# [What to do]
Starting at the line that contains "7c6aeaea5 Recenzia Lenovo", write out each line through the end of the data below, exactly as it stands. Skip any pictures.

Dataset excerpts: Begin

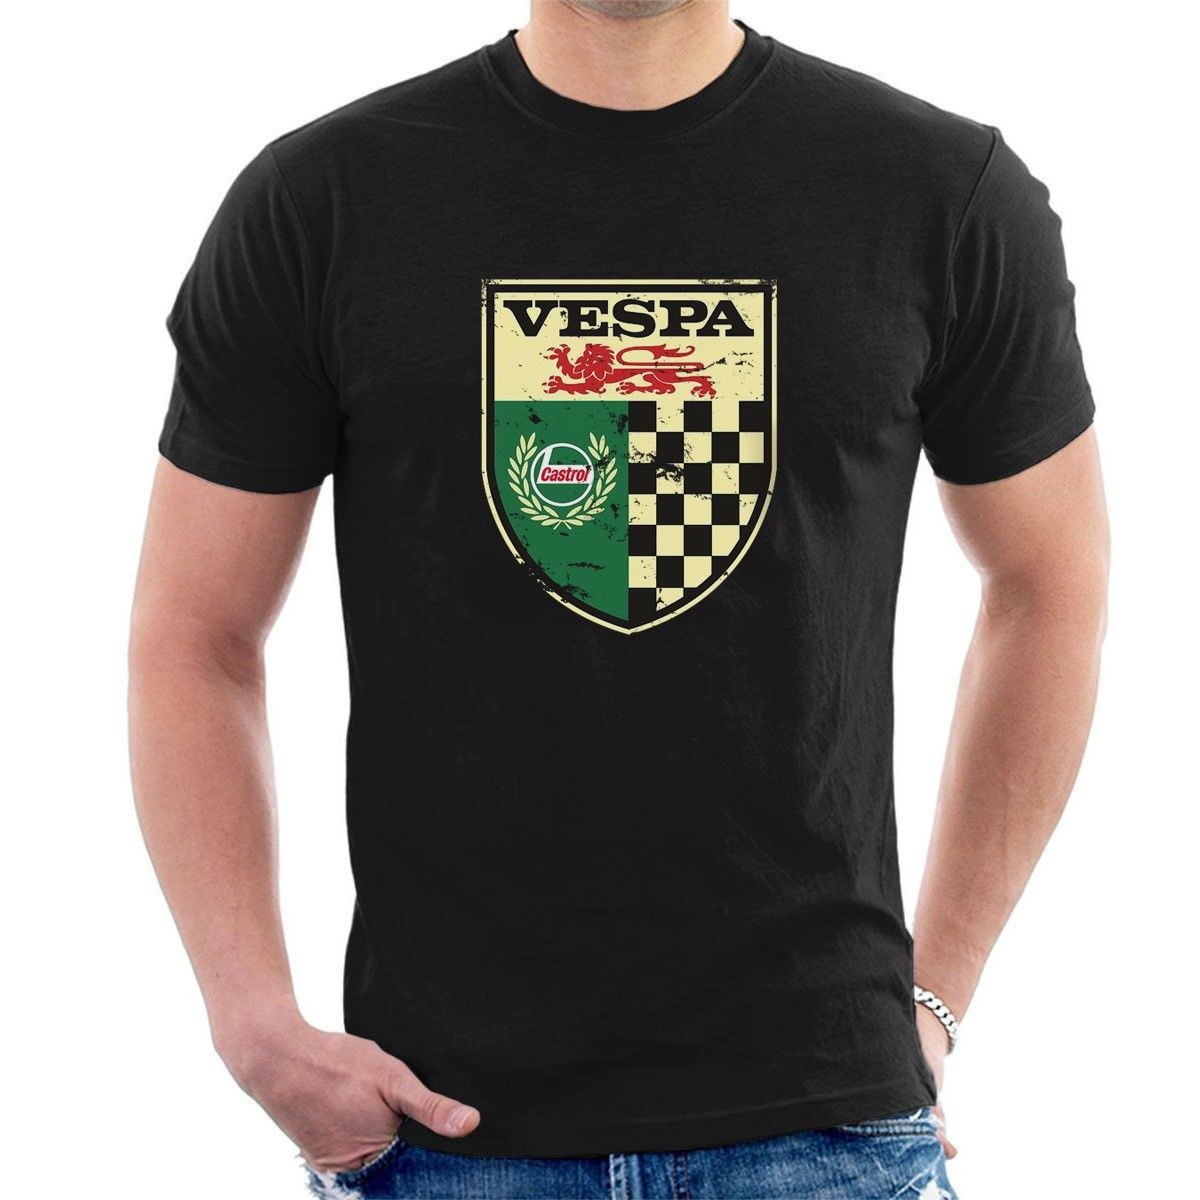 New Vespa Castrol Vintage Sign T-Shirt Distressed Classic Retro Oil M03 Cartoon T Shirt Men New Fashion Tshirt Unisex Tees
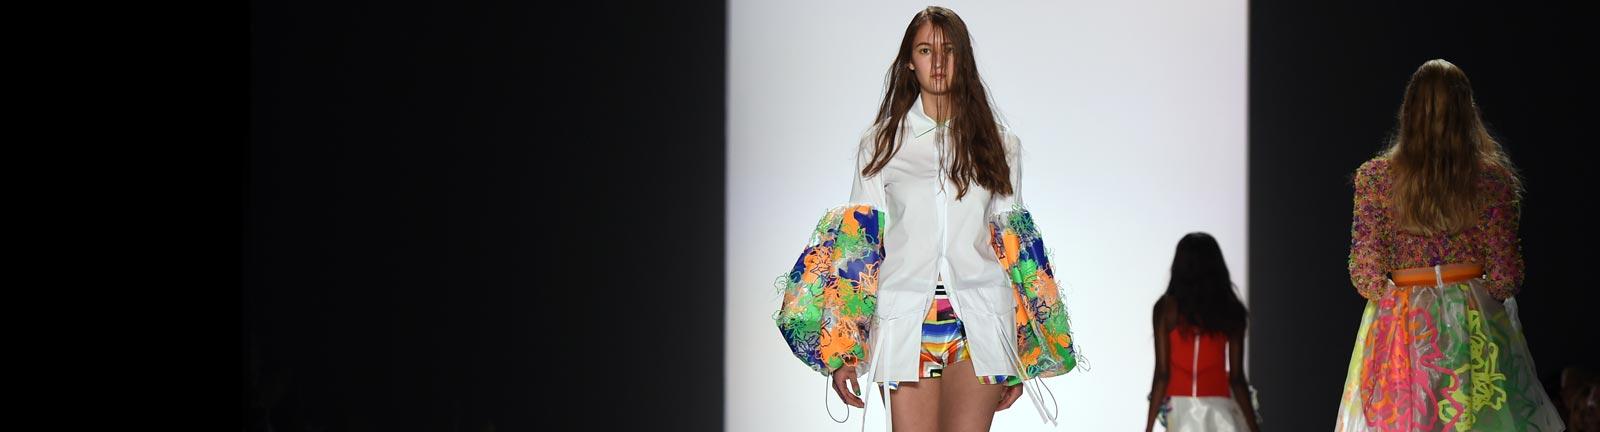 Die Modetrends für Frühjahr/ Sommer 2016 wurden auf der Belrin Fashion Week vorgestellt.
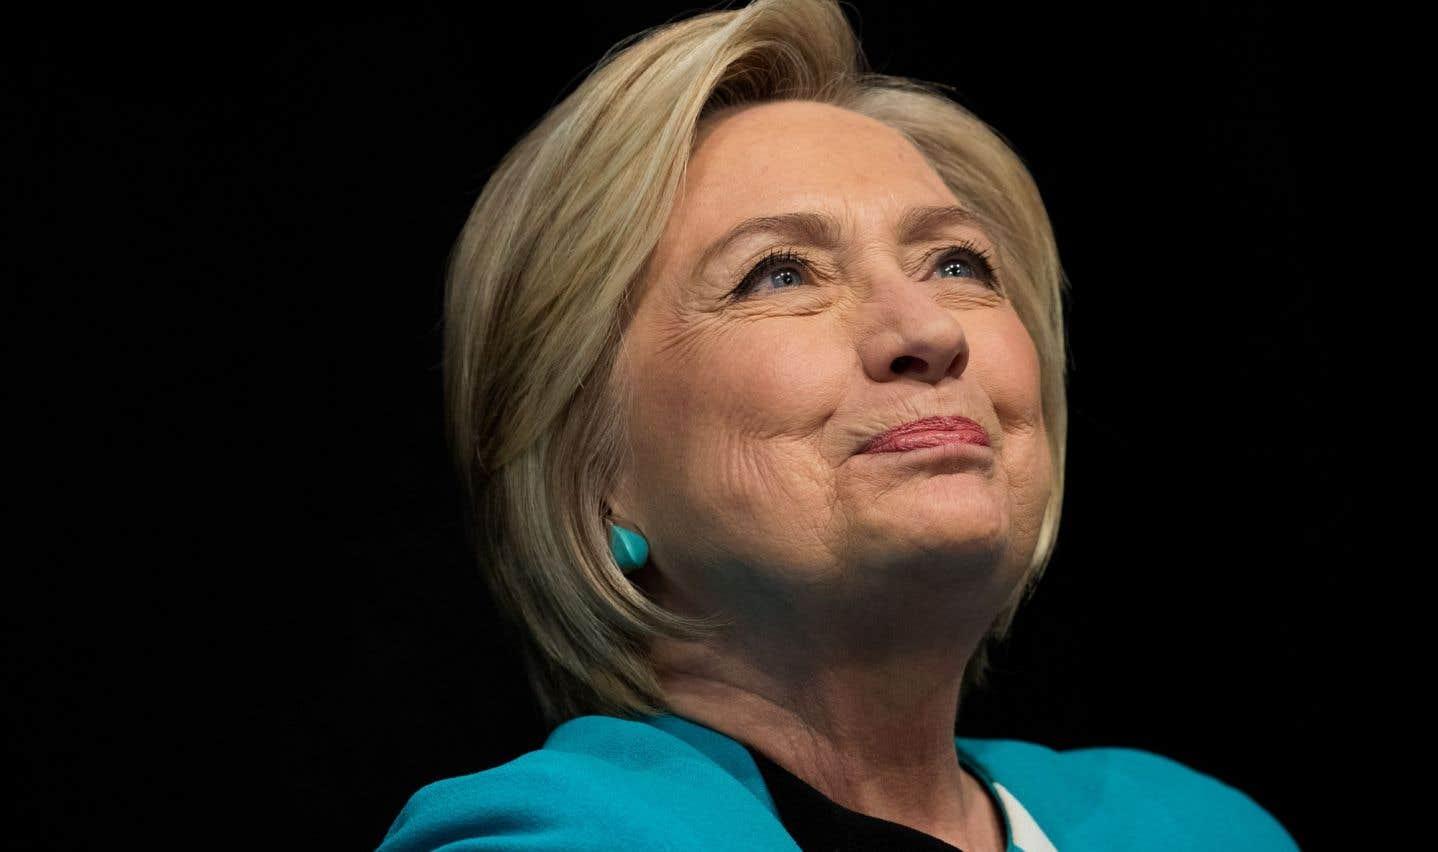 Hillary Clinton n'écarte pas la possibilité de contester les résultats de l'élection
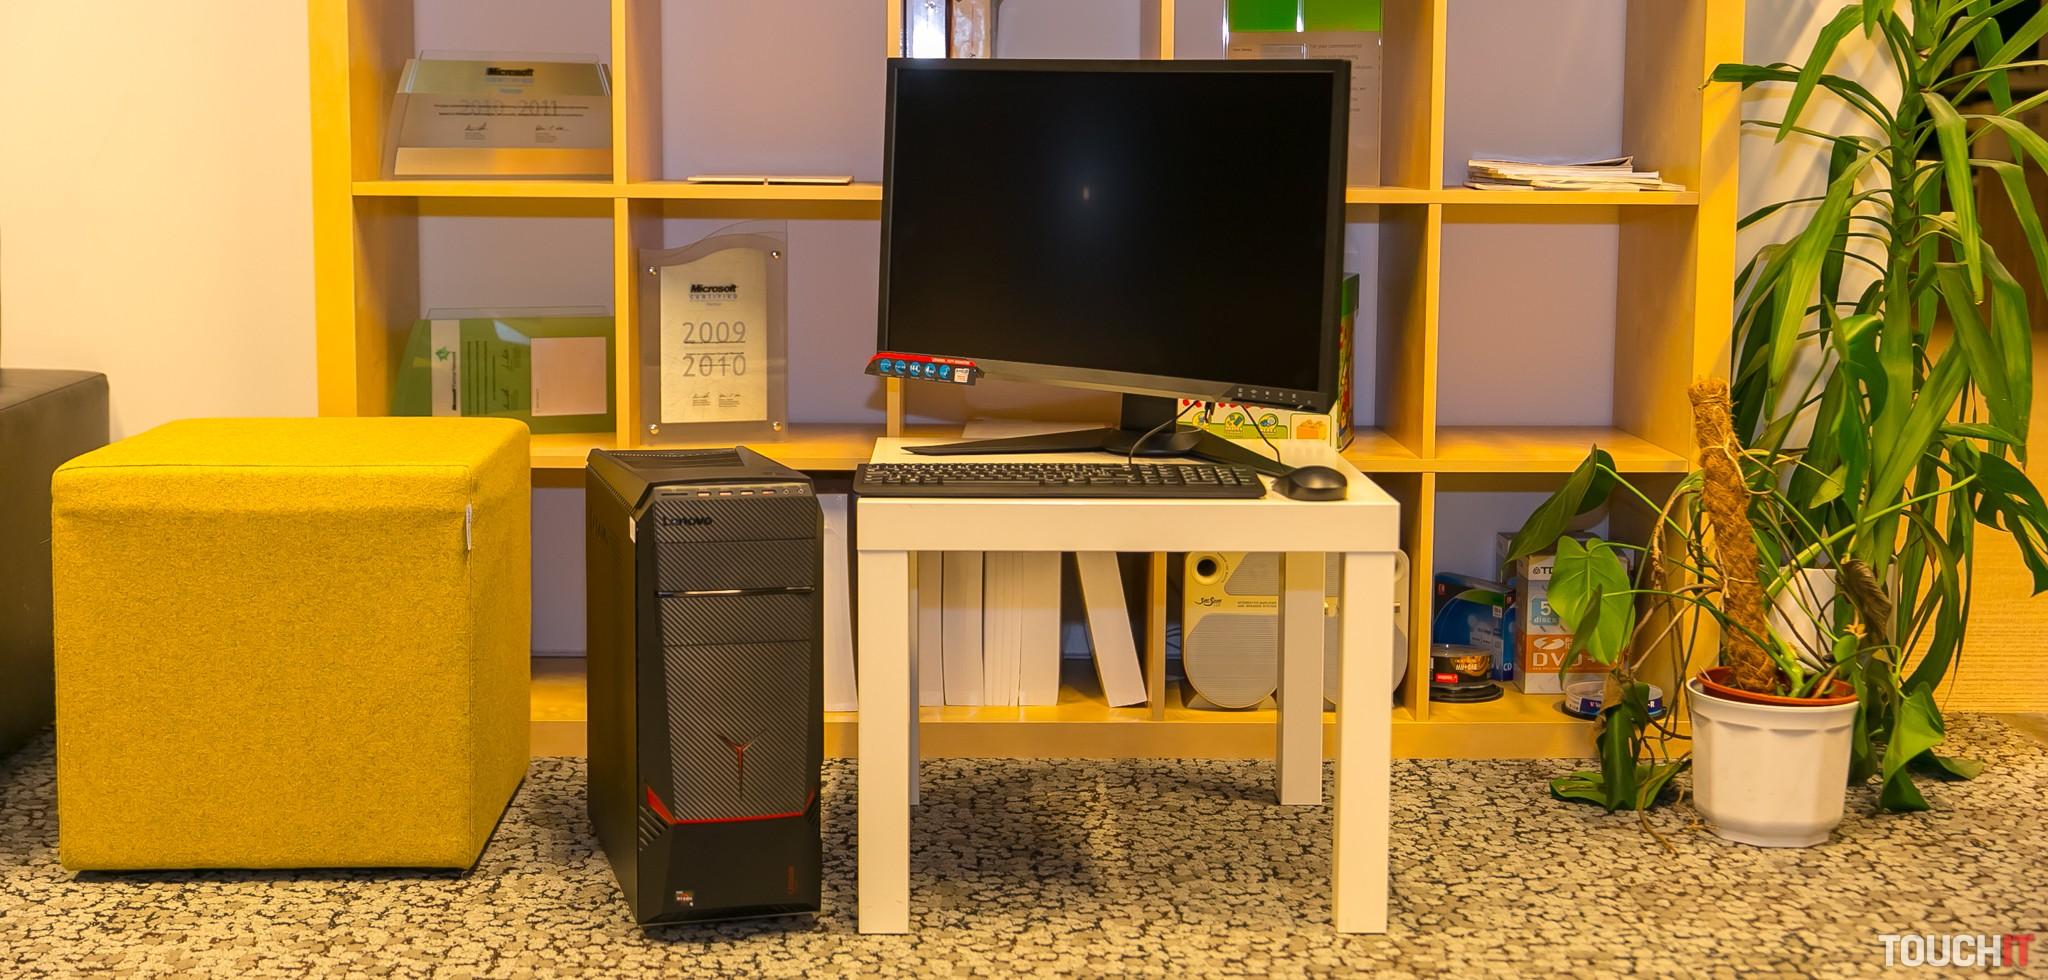 7c6aeaea5 Recenzia Lenovo Legion Y720 Tower (AMD): Herný počítač s výbavou od AMD
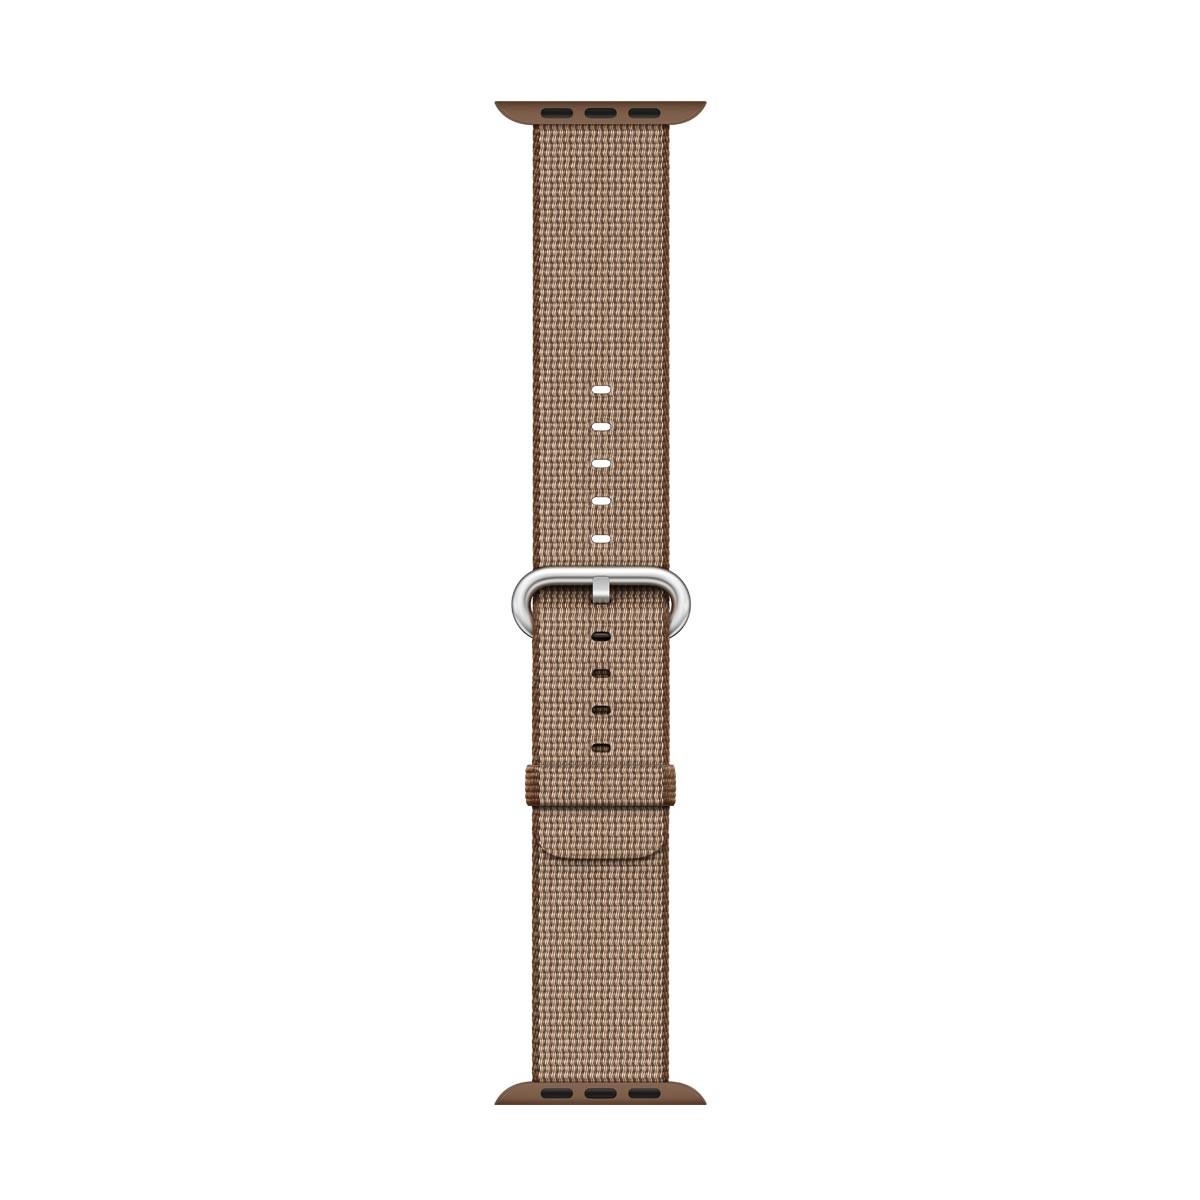 Apple - 38mm kávově/karamelově hnědý řemínek z tkaného nylonu
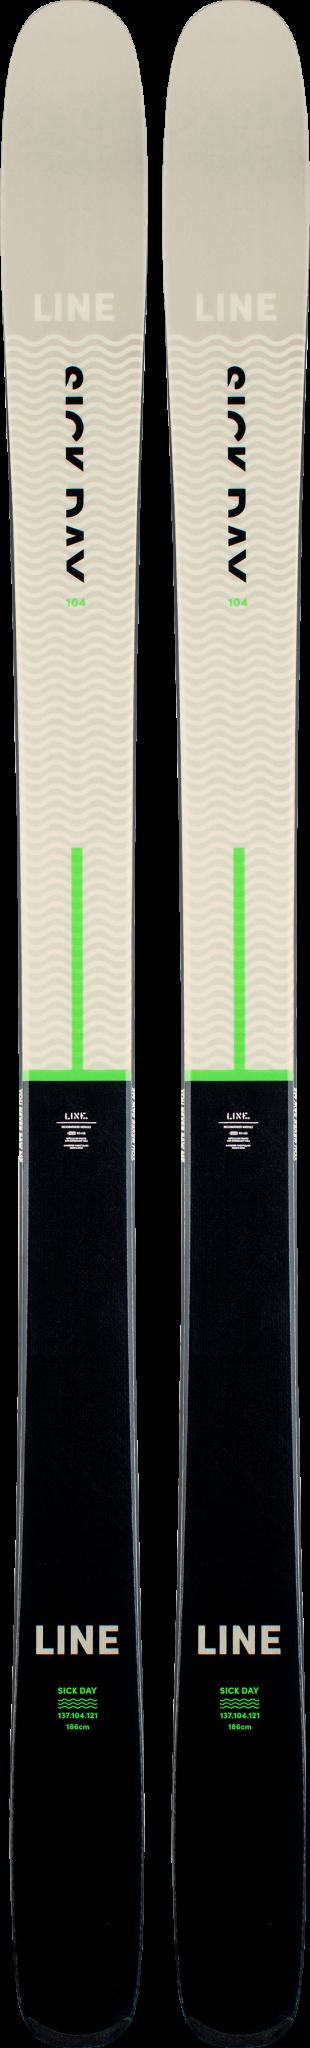 LINE Line M's Sick Day 104 Ski (20/21)

Dataset excerpts: End

# [Task response]
 7c6aeaea5 Recenzia Lenovo Legion Y720 Tower (AMD): Herný počítač s výbavou od AMD
 Apple - 38mm kávově/karamelově hnědý řemínek z tkaného nylonu
 LINE Line M's Sick Day 104 Ski (20/21)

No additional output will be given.